▼▼▼

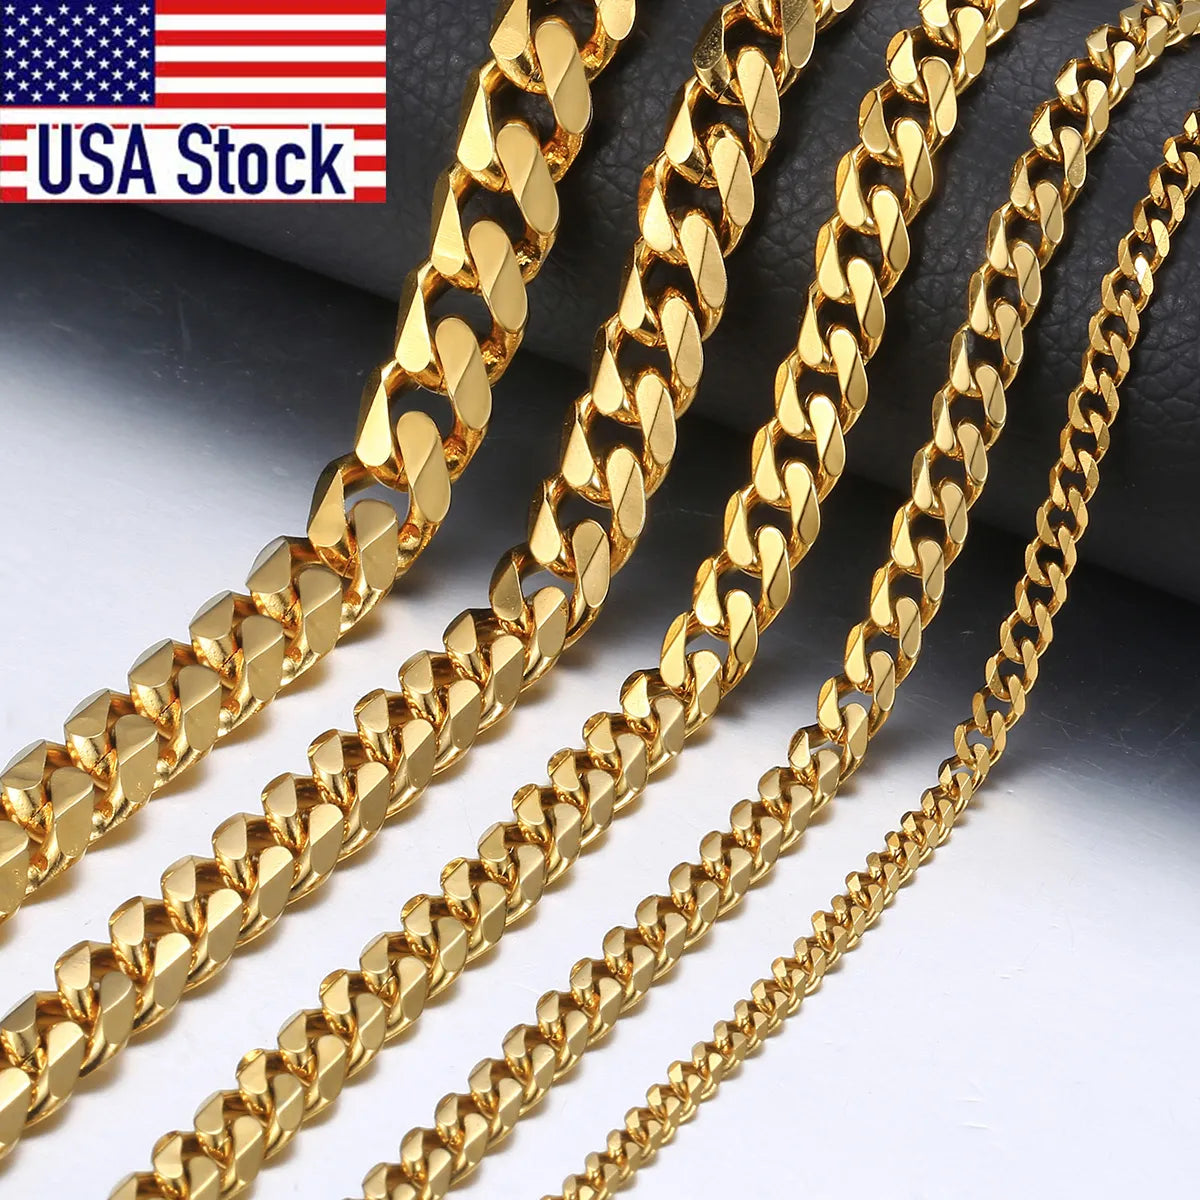 Hiphop Stainless Steel Necklace Curb Cuban Link Chain For Men Women Gold Color Solid Metal Punk Jewelry Gift KNM08
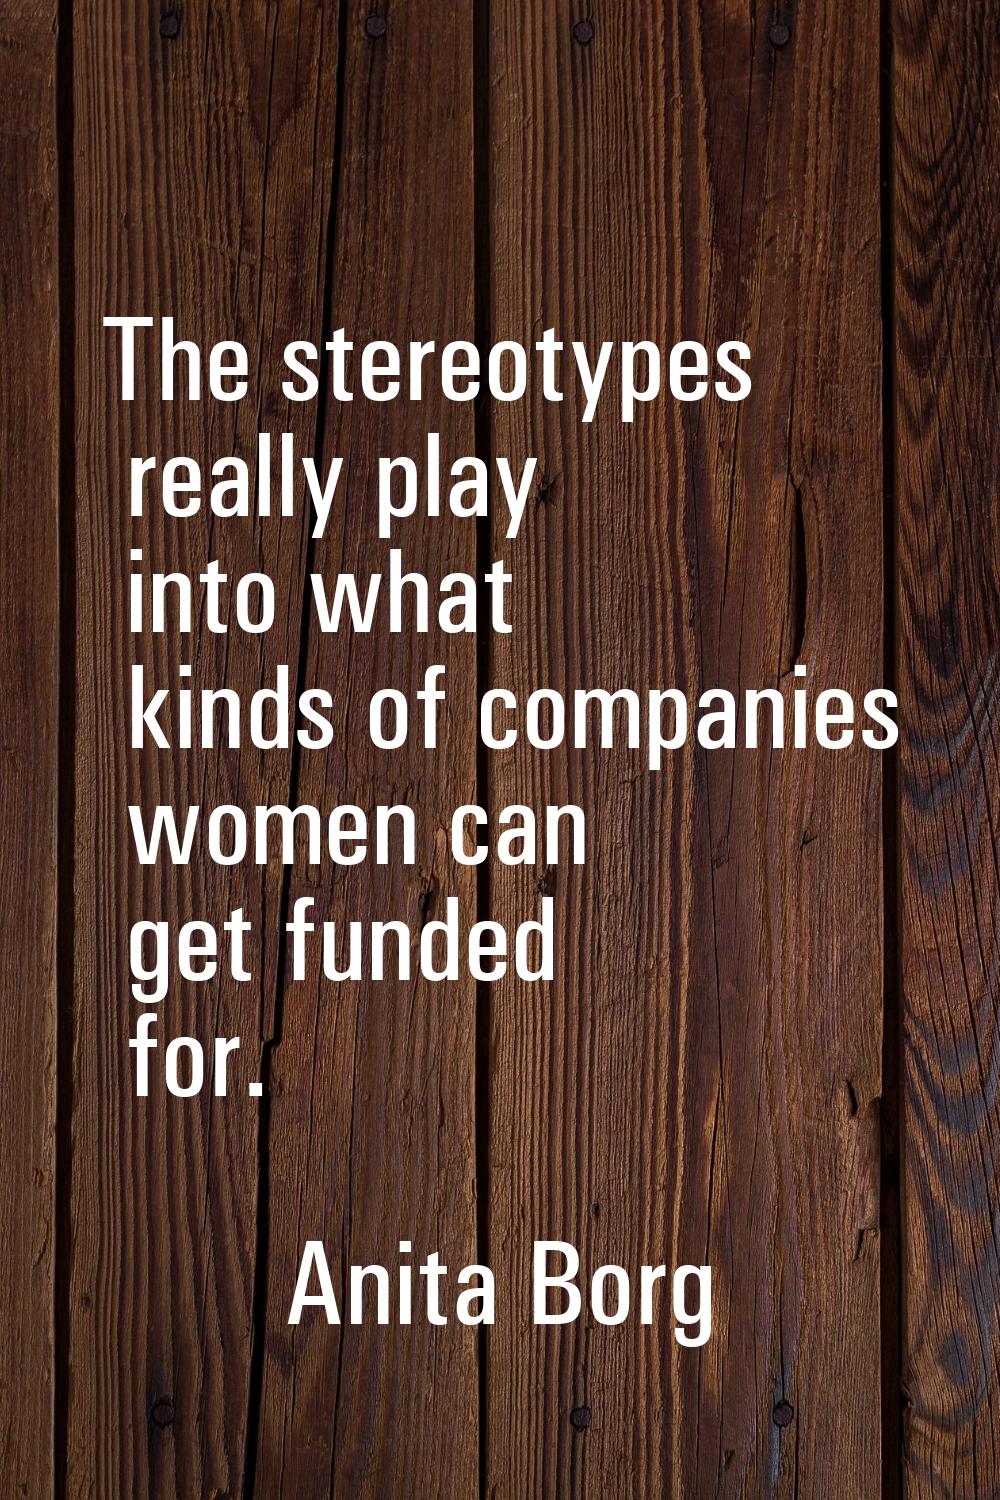 The stereotypes really play into what kinds of companies women can get funded for.
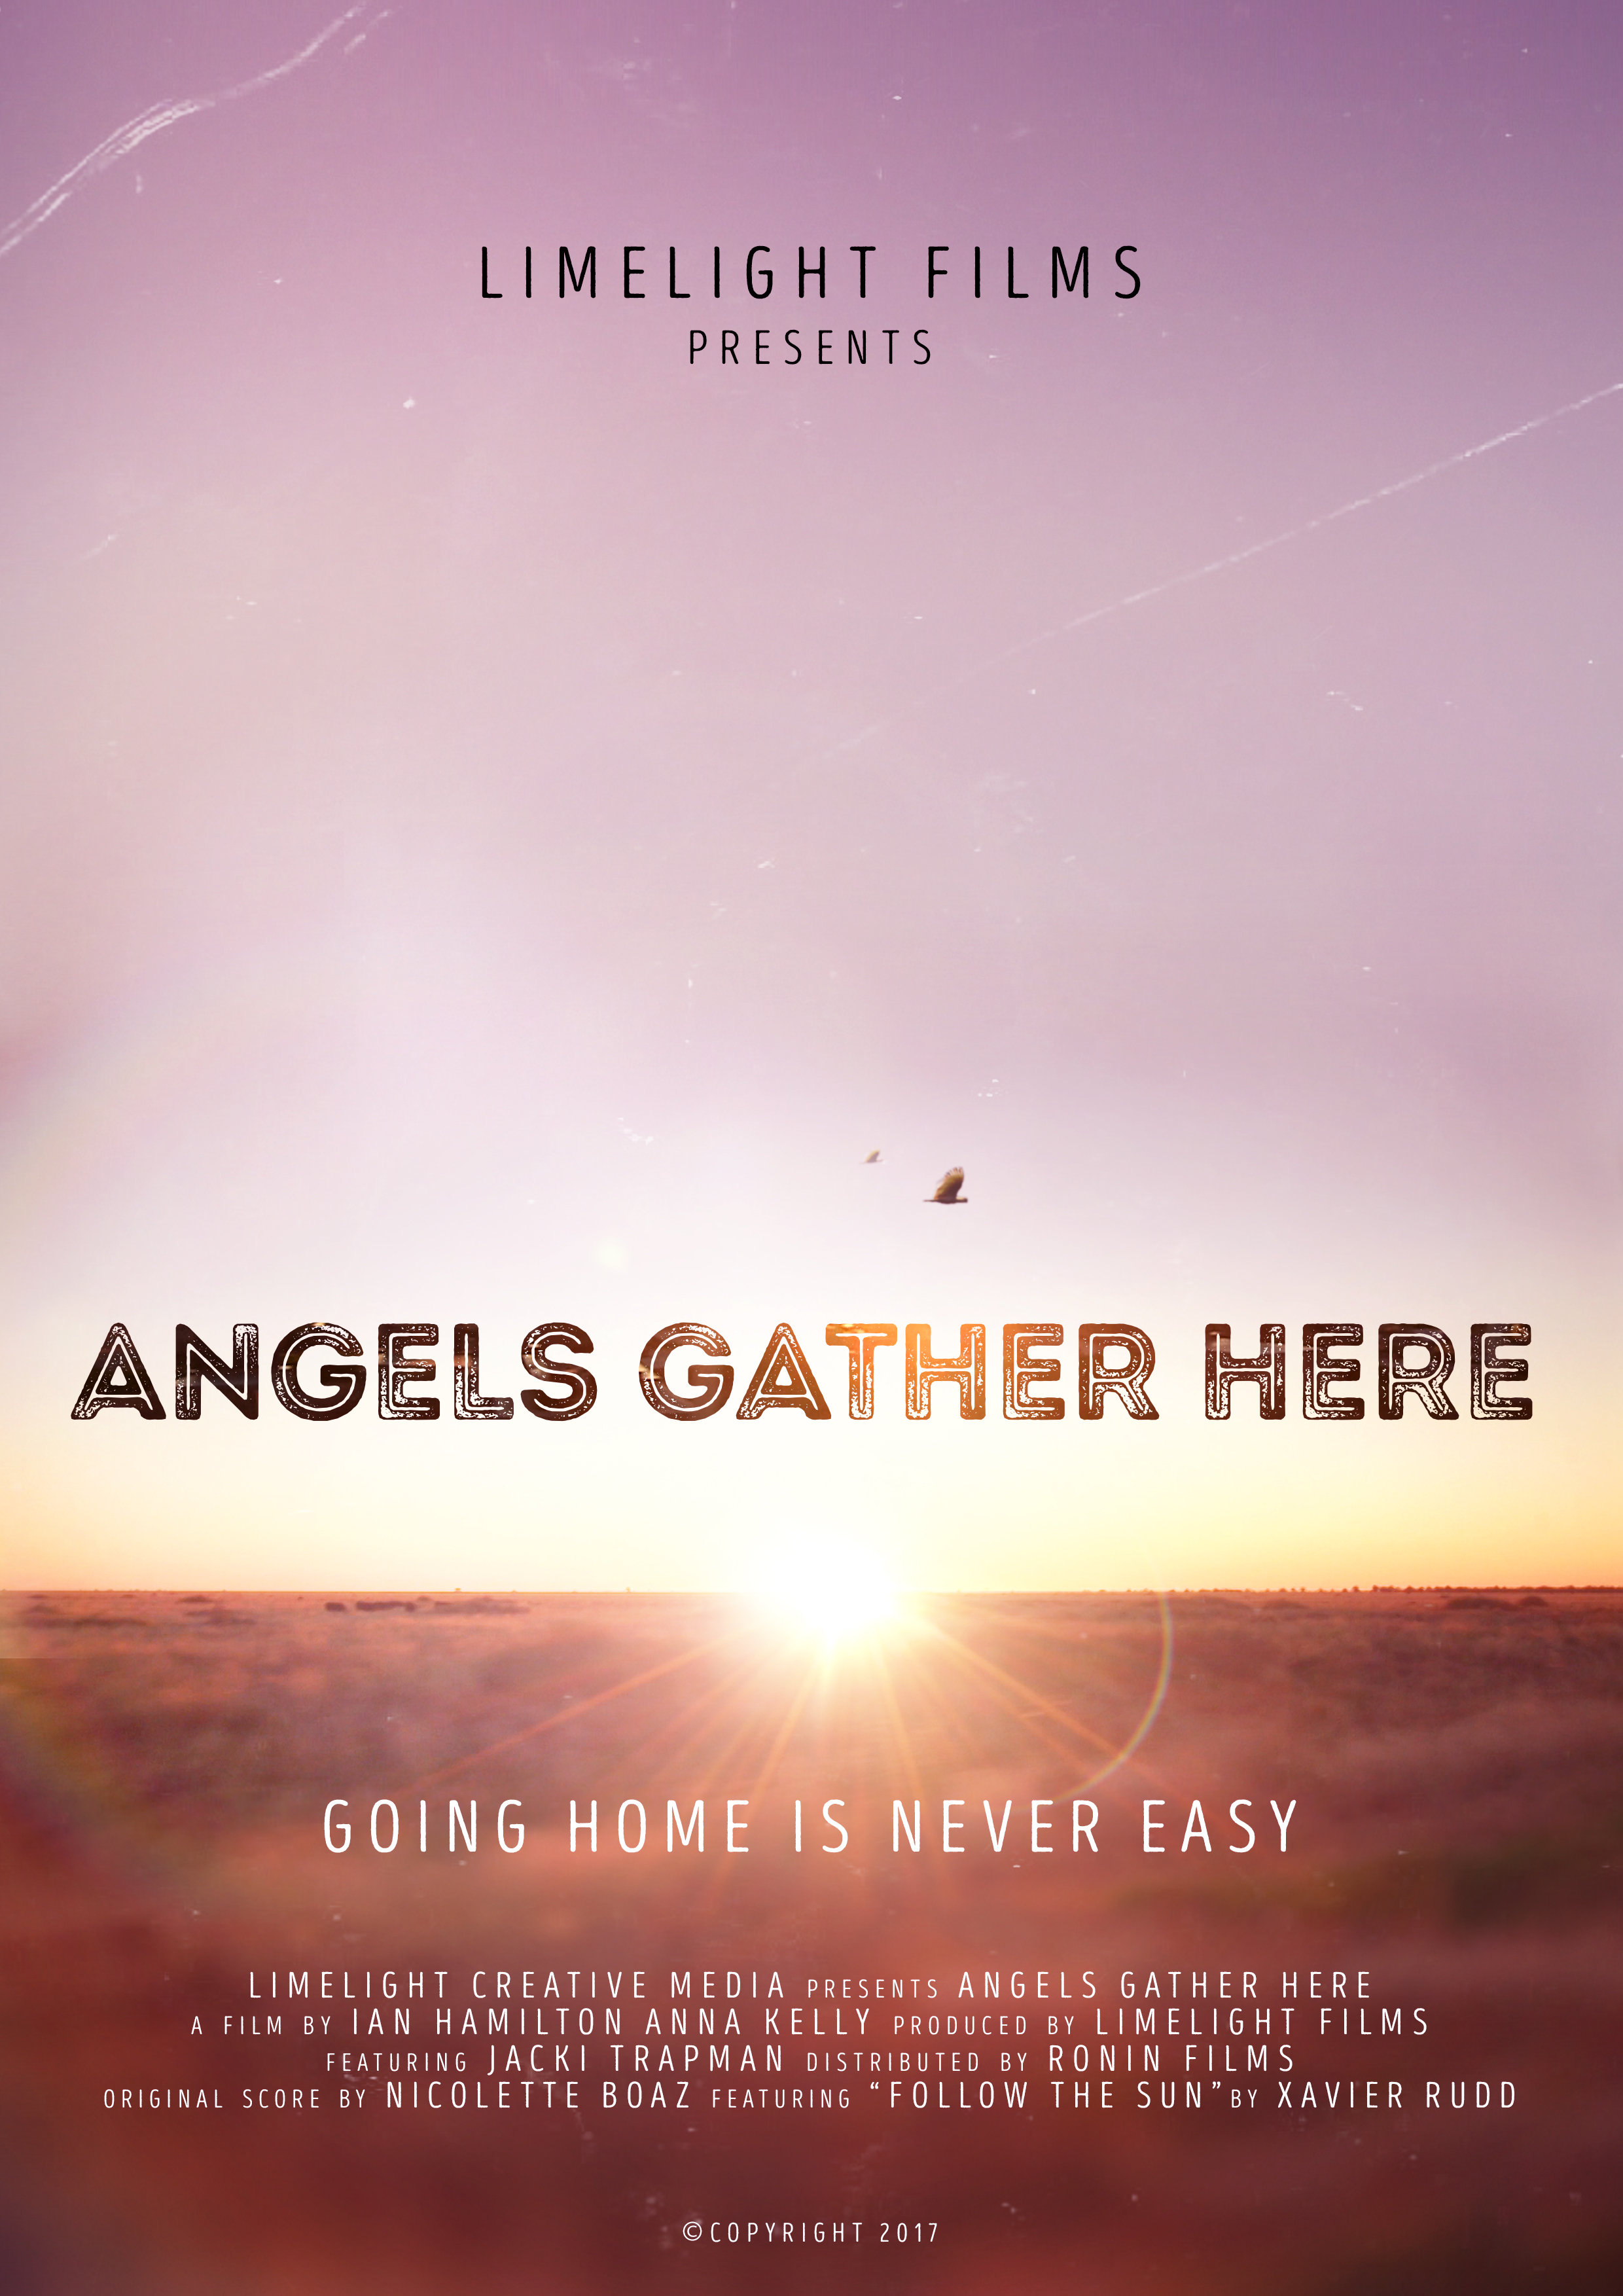 Gather here. Films about Angels.

▲▲▲

> _Prompt_
Retype the whole listing. Keep every word exact but include no pictures.

> _Solution for this problem_
 Hiphop Stainless Steel Necklace Curb Cuban Link Chain For Men Women Gold Color Solid Metal Punk Jewelry Gift KNM08
 The stereotypes really play into what kinds of companies women can get funded for.
 Gather here. Films about Angels.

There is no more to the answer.